12 . The multi-conjugate of siRNA according to claim 11 , wherein the double-stranded siRNA monomer is composed of 15-29 nucleotides.
13 . The multi-conjugate of siRNA according to claim 11 , wherein the number n is one of 1-100.
14 . The multi-conjugate of siRNA according to claim 11 , wherein the cleavable bond is an acid cleavable bond, a reductant cleavable bond, a bio-cleavable bond, or an enzyme cleavable bond.
15 . The multi-conjugate of siRNA according to claim 14 , wherein the cleavable bond is an acid cleavable bond selected from an ester bond, a hydrazone bond, and an acetal bond.

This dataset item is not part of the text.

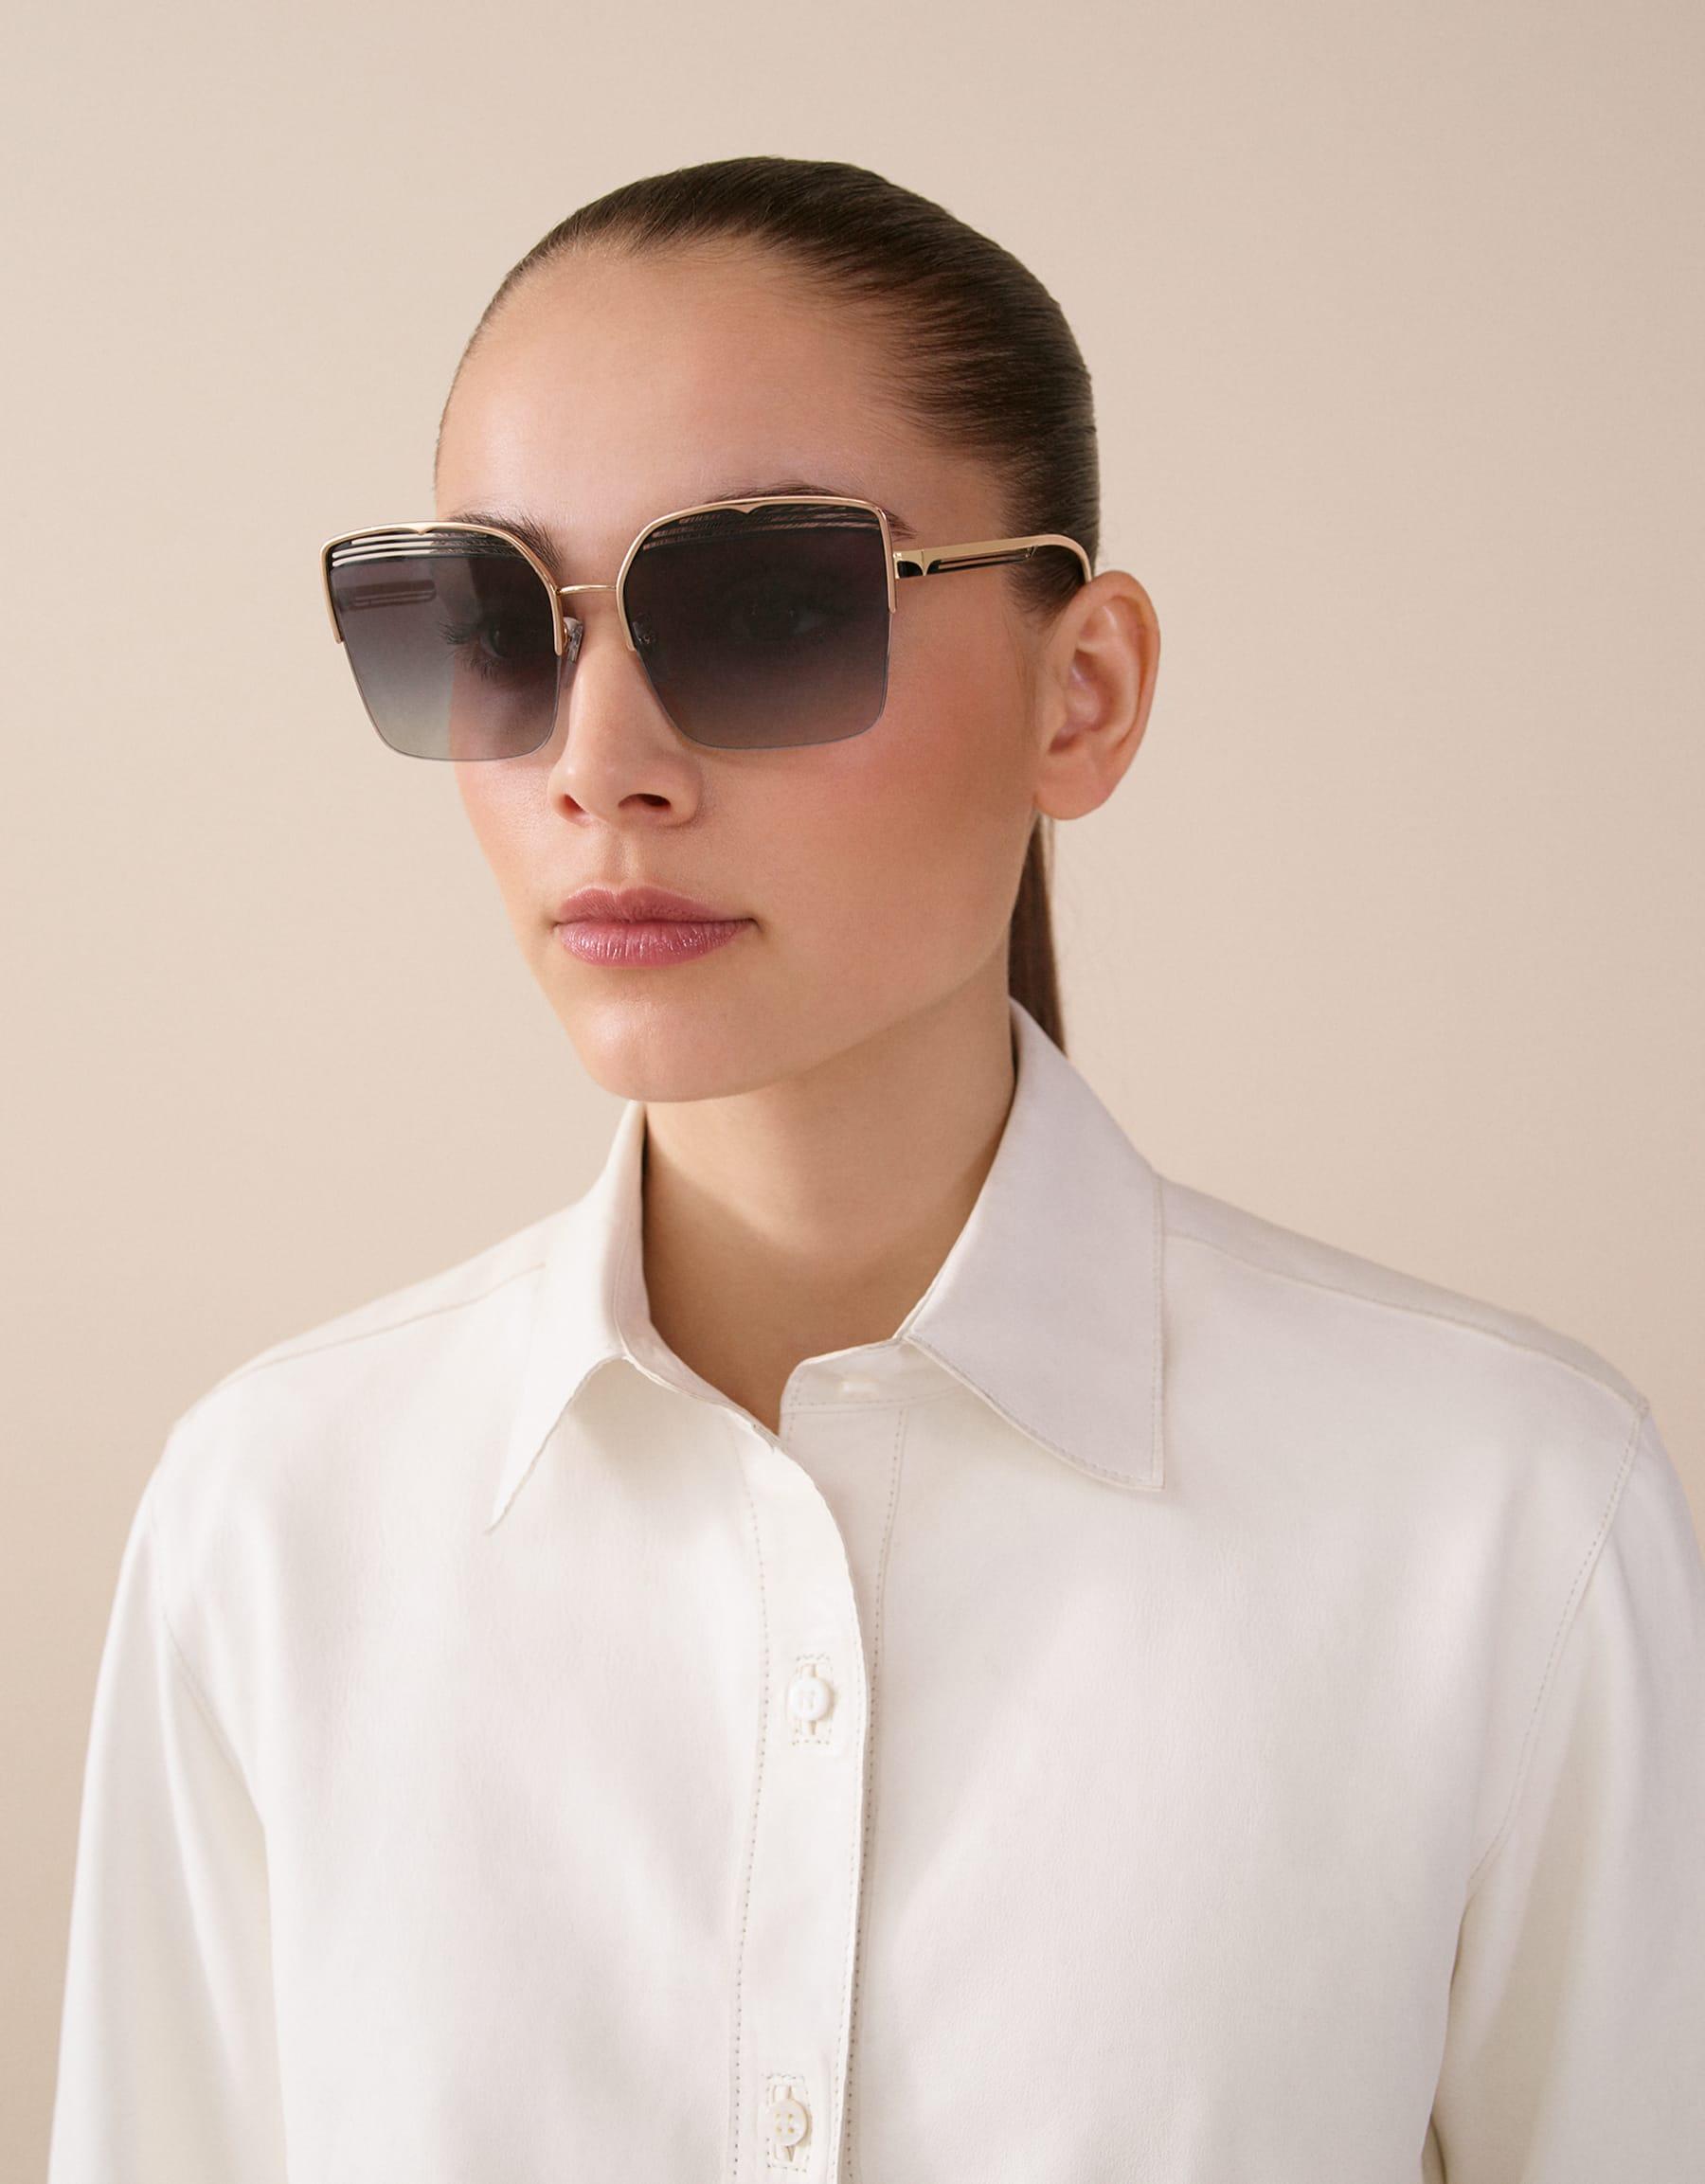 Bvlgari B.zero1 B.overvibe half-rim square metal sunglasses. 903810 image 3

16 . The multi-conjugate of siRNA according to claim 14 , wherein the cleavable bond is a reductant cleavable bond and the reductant cleavable bond is a disulfide bond.
17 . A multi-conjugate of siRNA having the following structure:
(—X-A) n [Structural Formula I]
or or x-A—(X-A—) n -x′ [Structural Formula II]
wherein,
X is double-stranded siRNA monomer;
x or x′ is single-stranded siRNA monomer;
A comprises a cross-linking agent or a polymer having a non-cleavable bond; and
n is the number of double-stranded siRNA monomer.
18 . The multi-conjugate of siRNA according to claim 17 , wherein the double-stranded siRNA monomer is composed of 15-29 nucleotides.
19 . The multi-conjugate of siRNA according to claim 17 , wherein the number n is one of 1-100.
20 . The multi-conjugate of siRNA according to claim 17 , wherein the non-cleavable bond is an amide bond or an urethane bond.
21 . A method for preparing a multi-conjugate having the following structure:
(—X-A) n [Structural Formula I]
wherein,
X is double-stranded siRNA monomer;
A comprises a cross-linking agent or a polymer having a cleavable or a non-cleavable bond; and
n is the number of double-stranded siRNA monomer. comprising the step of:
preparing yXy or yXz by complementary hydrogen bonding of single-stranded siRNA monomers yx and x y or yx and x′y and x′z;
wherein x is a single-stranded sense siRNA monomer;
x′ is a single-stranded antisense siRNA monomer;
y and z are functional group substitutions at one end the single-stranded sense siRNA monomer or the single-stranded antisense siRNA monomer; and
inducing covalent bonding of the yXy to another yXy or covalent bonding of the yXz to another yXz, mediated by the cross-linking agent or the polymer.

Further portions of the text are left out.